The Mothers A Novel - By Jennifer Gilmore Page 0,8
hello and ordered. “You send flowers to the people helping you.” She blew into her tea. “You just do it. They say it’s a queue but it’s not really a queue. Send flowers, and you can get better ones than the ones you’re supposed to get.”
I had no idea what this woman was talking about. It felt similar to the beginnings of my peregrinations through the underworld of infertility treatments—needles filled with Follistim and Menopur, hot stone massages, progesterone, acupuncture, wheatgrass shots, estrogen patches, potassium IVs. Once I did not know the meaning of some of those words. Here, I began to write everything down in my adoption notebook, a red leather-bound book I’d had for years. I did not yet understand that what the lawyer meant was: try not to get the Russian kid who has never been touched, she will have bonding issues.

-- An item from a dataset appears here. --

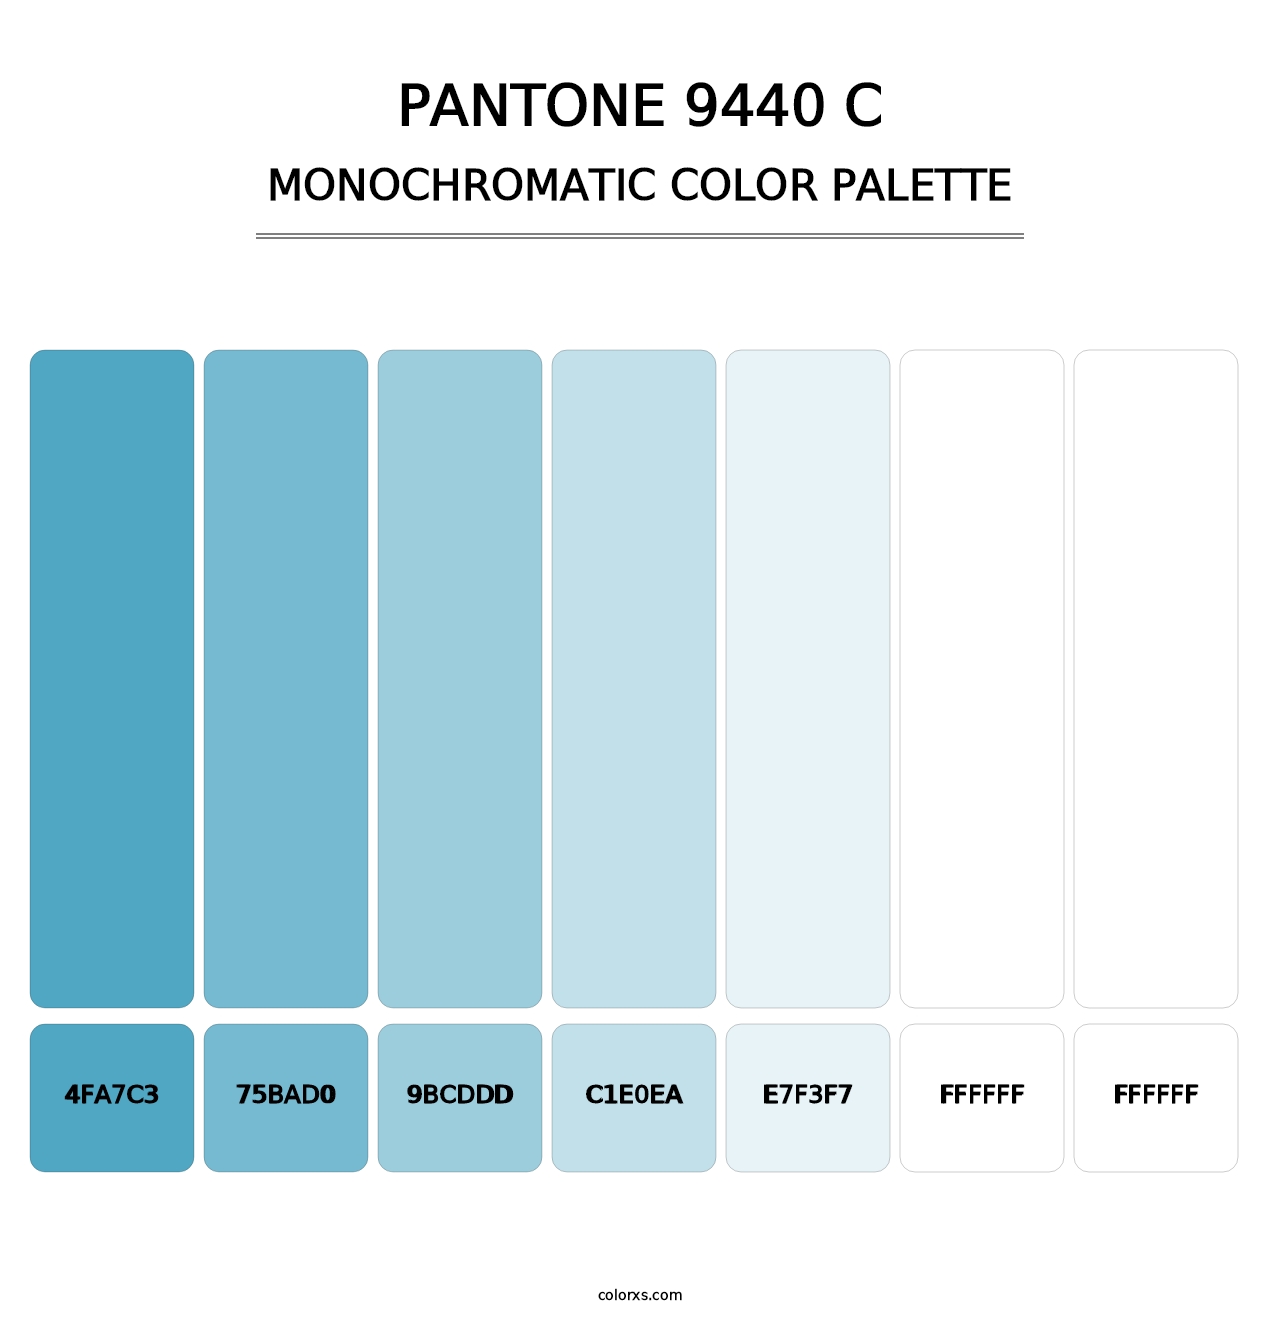 PANTONE 9440 C - Monochromatic Color Palette

“Bonding issues can ruin your life,” she told me. “If you’re at all unsure about the condition of the child, that’s where Felicia Hirschfeld comes in. She’s famous for looking at videos and measuring the heads of Russian children—actually she measures heads from all the Stans: Kazakhstan, Uzbekistan—any Stan she’ll do. She did it for Angelina Jolie, and,” she said, “for a well-worth-it fee, she will also do it for you.”
“Did Angelina Jolie adopt from a Stan?” I asked, after writing down the name of the woman who measured heads. In addition to securing my memory, writing these facts came with the bonus of removing myself entirely from what, I was finding, was a one-way conversation.
She waved me away. “No, she didn’t, but it’s Angelina and Felicia Hirschfeld is the best—The. Best.—so Angelina used her for her African child.”
“Oh,” I said. I would soon learn that most everyone adopting a child referred to Angelina Jolie often, and by her first name. “Ramon and I were thinking about Ethiopia as well.” I looked up at the lawyer, the sides of her face tinted purple where the stylist had not wiped her skin clean of dye. We were thinking of Ethiopia because the criterion for Ethiopia was: you can get a child now. They can be six months old, and the orphanages were said to be clean, with loving caretakers, and they did not seem to care about cancer. I imagined getting a grant to learn about a feminist activist community movement in the Sudan while I waited for my baby to make her way to me. Perhaps my own mother, with all her access to the developing world, might be able to help in this situation as well. The Ethiopians, my mother once told me, are the most beautiful people on earth.
Was I allowed to care about beauty? I had no idea, but this lawyer looked at me, her chin quivering, pointed down. “You know . . .” Her index finger drew imaginary lines on the sticky table. “If you get an Ethiopian child, that child will be black.”
I stopped writing and looked up. We were in one of the most diverse neighborhoods in one of the most diverse cities on earth. “Obviously,” I said. “Of course we’re aware.”
“Well, I’m just saying that if you have a black baby you will have to pal around with black people.”
I took a long sip of my coffee. “Okay.” I went back to writing. Pal around, I wrote. With black people.
“I’m glad you see my point. Your people are Russian.” She raised her chin.
I nodded. She was not wrong.
“It matters,” she said. “Let me tell you about international adoption. It’s not open. You do not want open. That’s the way they do it now, domestically.”
“Really?” I looked up from my note taking. “I thought research was showing open—where all of us know each other to some degree—was best for the child. I’ve got adult friends who didn’t know their biological parents and I don’t know that it was better for them. They have a lot of fantasies about where they might have come from, who their parents might have been. They have to decide as adults if they want to find these people, strangers really. It can turn their worlds upside down.”
She smiled. Her face stretched, a drum, a lampshade. “I had a mother who would give me furniture and then take it back. Give me a beautiful dresser—inlaid, just gorgeous—and then take it back. A mirror. Take it back. I just couldn’t bear that. Someone’s mother coming back, I mean. Taking them back.”